Question

What is the radius of a circle whose equation is x² + y² + 8x – 6y + 21 = 0? __?__ units

Answer 1

(x+4)^2 + (y-3)^2 = 4

Which means, radius is 2, center is (-4,3)

Answer 2

Answer:

The radius of circle whose equation is $x^2+y^2+8x-6y+21=0$ is 2 units.

Step-by-step explanation:

Given equation of  a circle is $x^2+y^2+8x-6y+21=0$

We have to find the radius of the circle whose equation is given.

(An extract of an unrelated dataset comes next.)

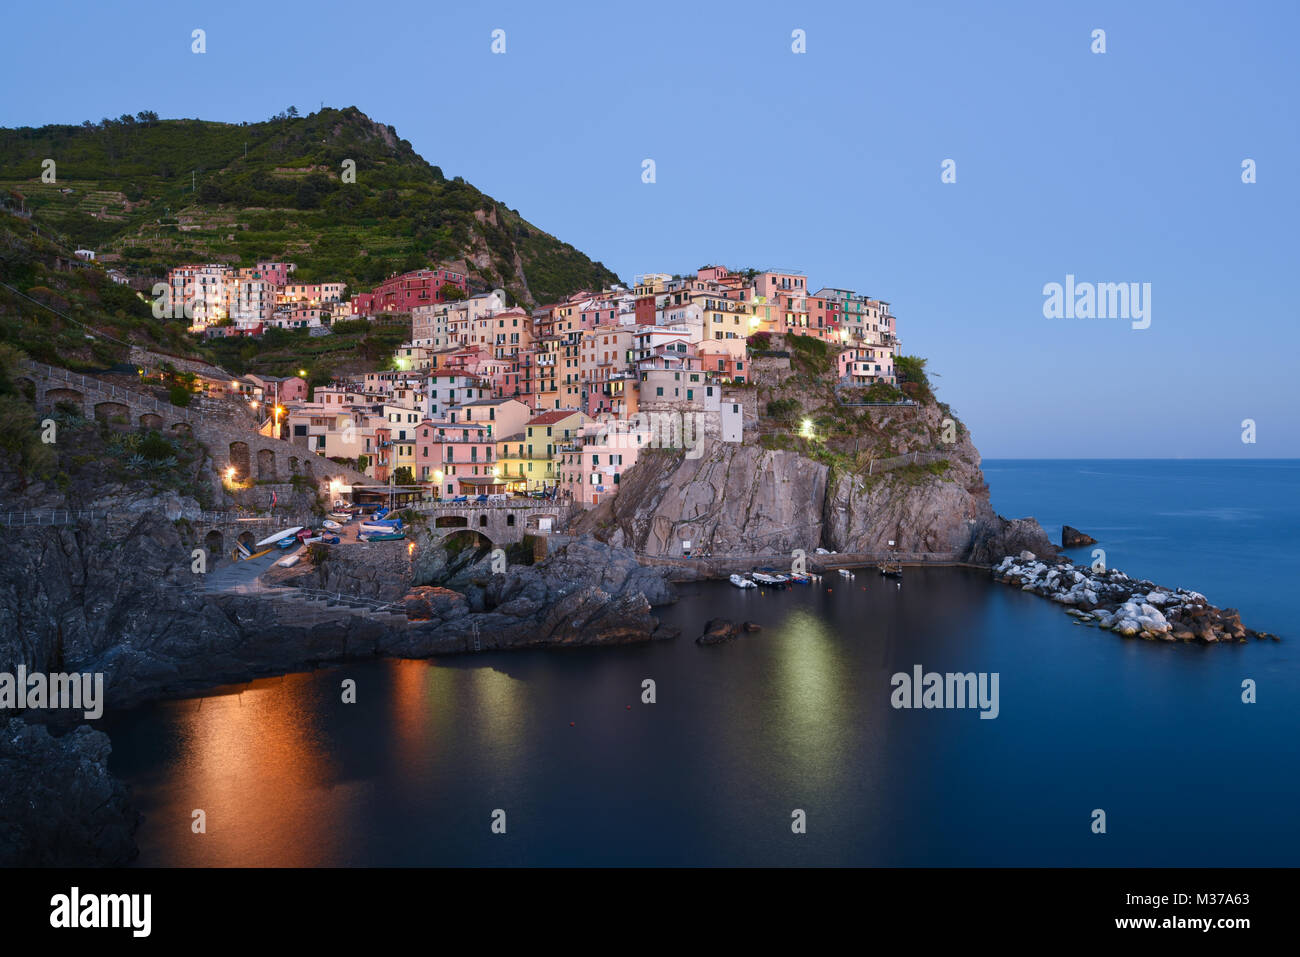 Long exposure of beautiful town of Manarola on the Cinque Terre on Italian coastline after sunset late afternoon on a clear day before blue hour Stock Photo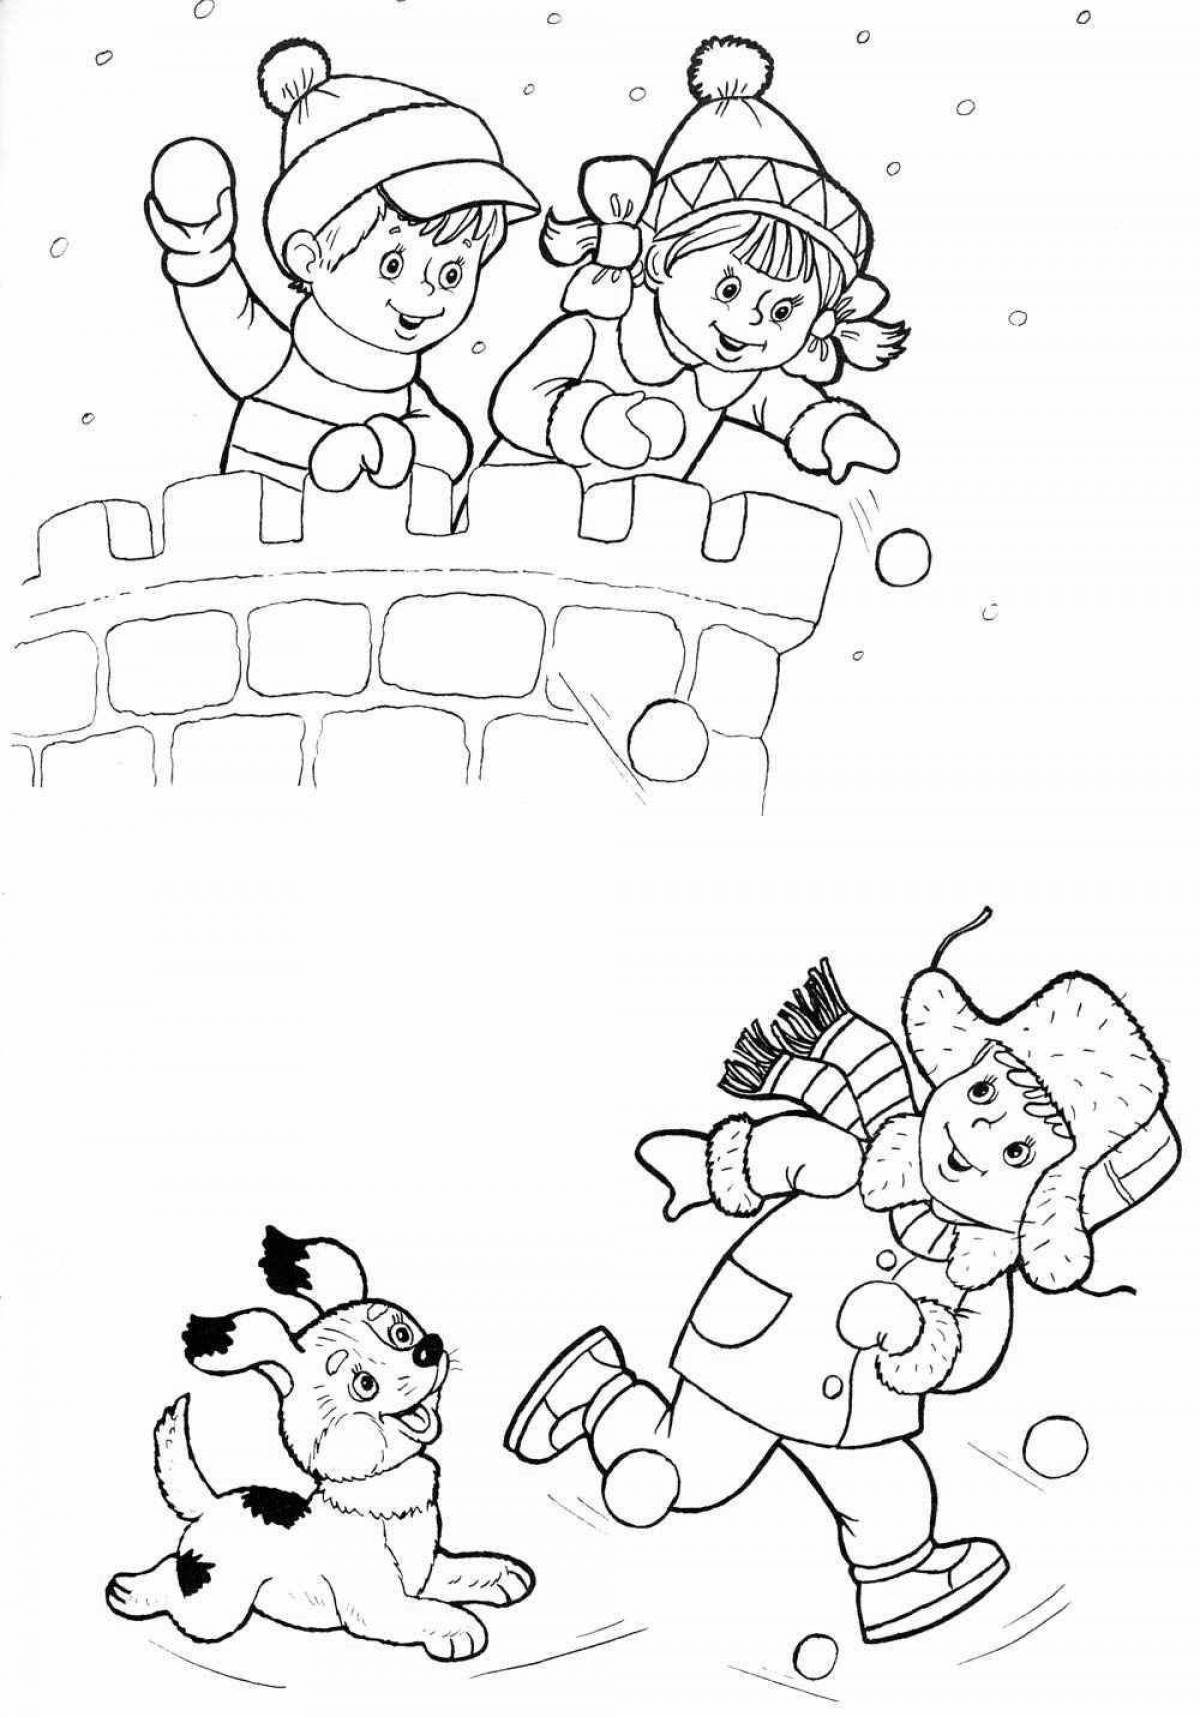 Shiny winter funny coloring book

Consider the given equation of  a circle is $x^2+y^2+8x-6y+21=0$

General equation of circle having center at (h,k)  with radius r is given as ,

$(x-h)^2+(y-k)^2=r^2$ ........(1)

we first write the given equation in the general form by making perfect squares,

We know $(a-b)^2=a^2+b^2-2ab$

For making perfect square of x, we have terms, $x^2+8x=x^2+2\cdot 4 \cdot x$ we just need $b^2$

On comparing w have b = 4 , thus $b^2=16$

So adding both side 16 , equation becomes,

$x^2+y^2+8x-6y+21+16=16$

$\Rightarrow (x-(-4))^2+y^2-6y+21=16$

For making perfect square of y, we have terms, $y^2-6y=y^2-2\cdot 3 \cdot y$ we just need $b^2$

On comparing w have b = 3 , thus $b^2=9$

So adding both side 9 , above equation becomes,

$\Rightarrow (x-(-4))^2+y^2-6y+21+9=16+9$

On solving, we get,

$\Rightarrow (x-(-4))^2+(y-3)^2+21=25$

$\Rightarrow (x-(-4))^2+(y-3)^2=25-21$

$\Rightarrow (x-(-4))^2+(y-3)^2=4$

$\Rightarrow (x-(-4))^2+(y-3)^2=2^2$ .....(2)

Comparing (1) and (2) , we have  r= 2

Thus, the radius of circle whose equation is $x^2+y^2+8x-6y+21=0$ is 2 units.